When he emerged from under the car ten minutes later and came back to the window, one of his fingers was bleeding. Appalled, we offered our first-aid kit.
“This?” He wiggled the bloody finger. “Honey, I cut this finger clean off before. This is nothin’.”
It occurred to me that the zip ties must’ve come in handy for many things in his perilous life—like, for example, reattaching severed digits.
We thanked him profusely, after which he insisted, “This is what we’re supposed to do. I couldn’t see people who needed help and just drive on by.”

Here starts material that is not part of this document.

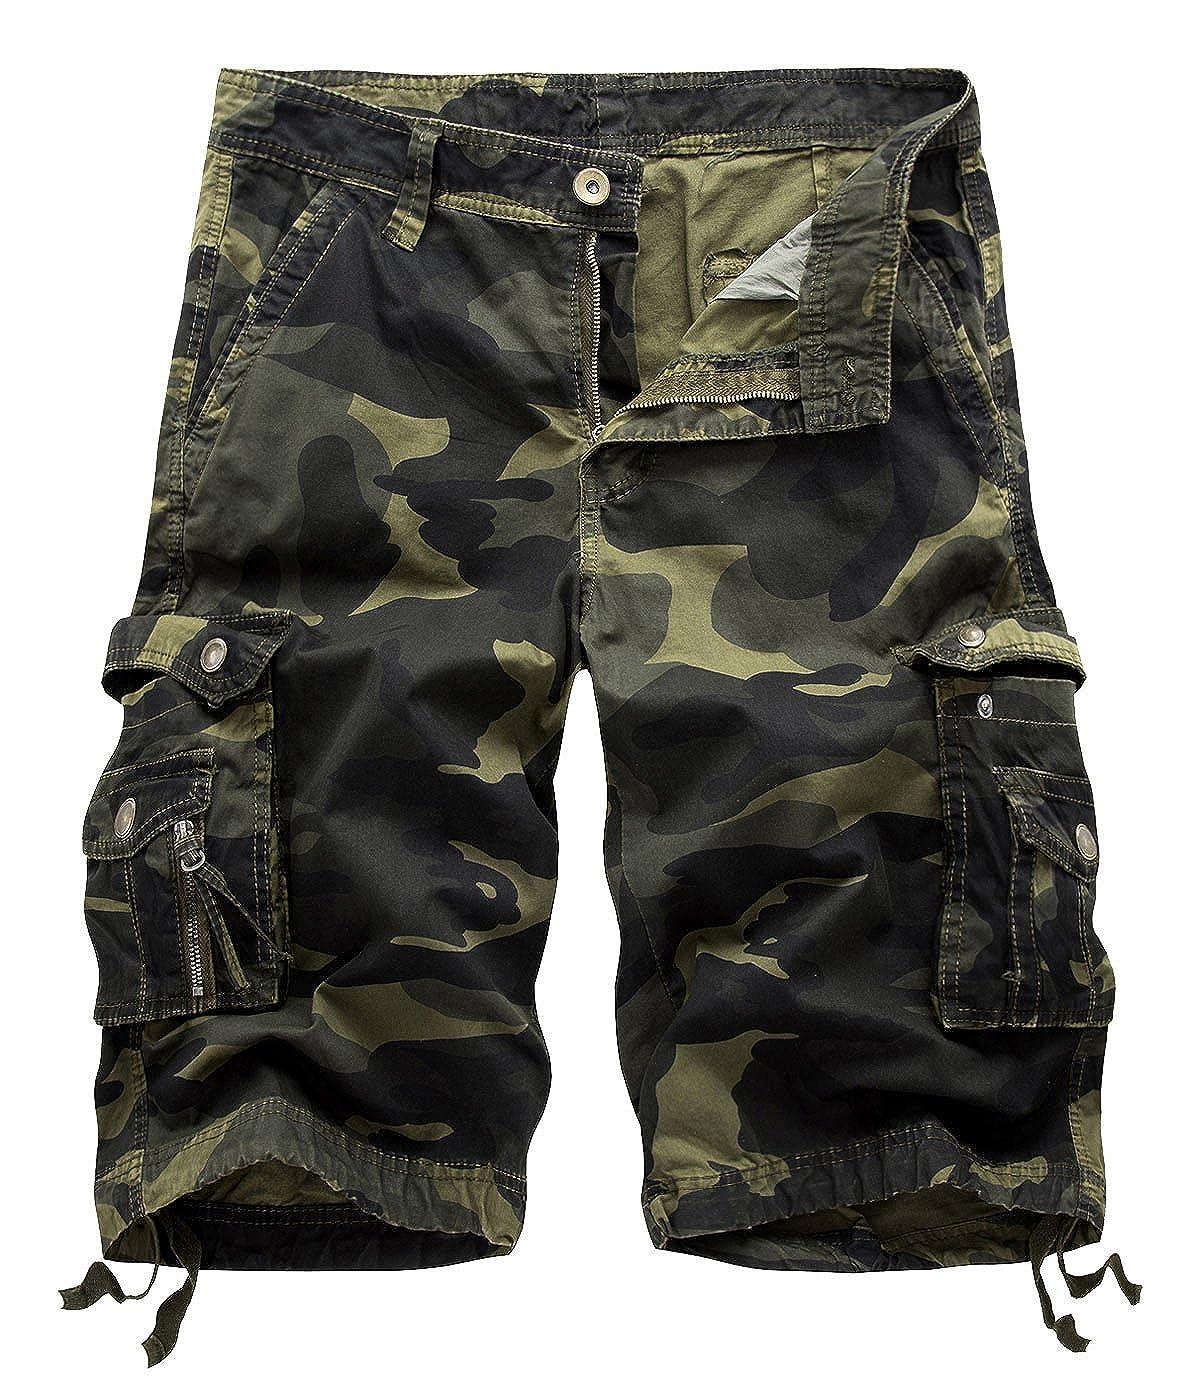 TALLA ES50. AIEOE Pantalones Cortos para Hombres Cargo Shorts Casual Bermudas Camuflaje Suelto Laboral Multi-Bolsillo Leisure

I wanted to send him some money in thanks. I had the feeling he could use it, particularly in light of what’s happening to our social security system. He may have been fine, but there was something about his solemn demeanor and the way his traumas spilled out—along with defiant pride in surviving them—that made me guess he was alone with his knee brace and PTSD.
At first, he declined. “I didn’t do this for money,” he said gruffly. After I explained it would make me feel better, he nodded, “If you want to, all right.”
He asked A. to follow him to his car to get the payment info off his phone. “Don’t get too close to the car,” I whispered, on the alert again. But he just held out his phone for her to screenshot and then went on his way.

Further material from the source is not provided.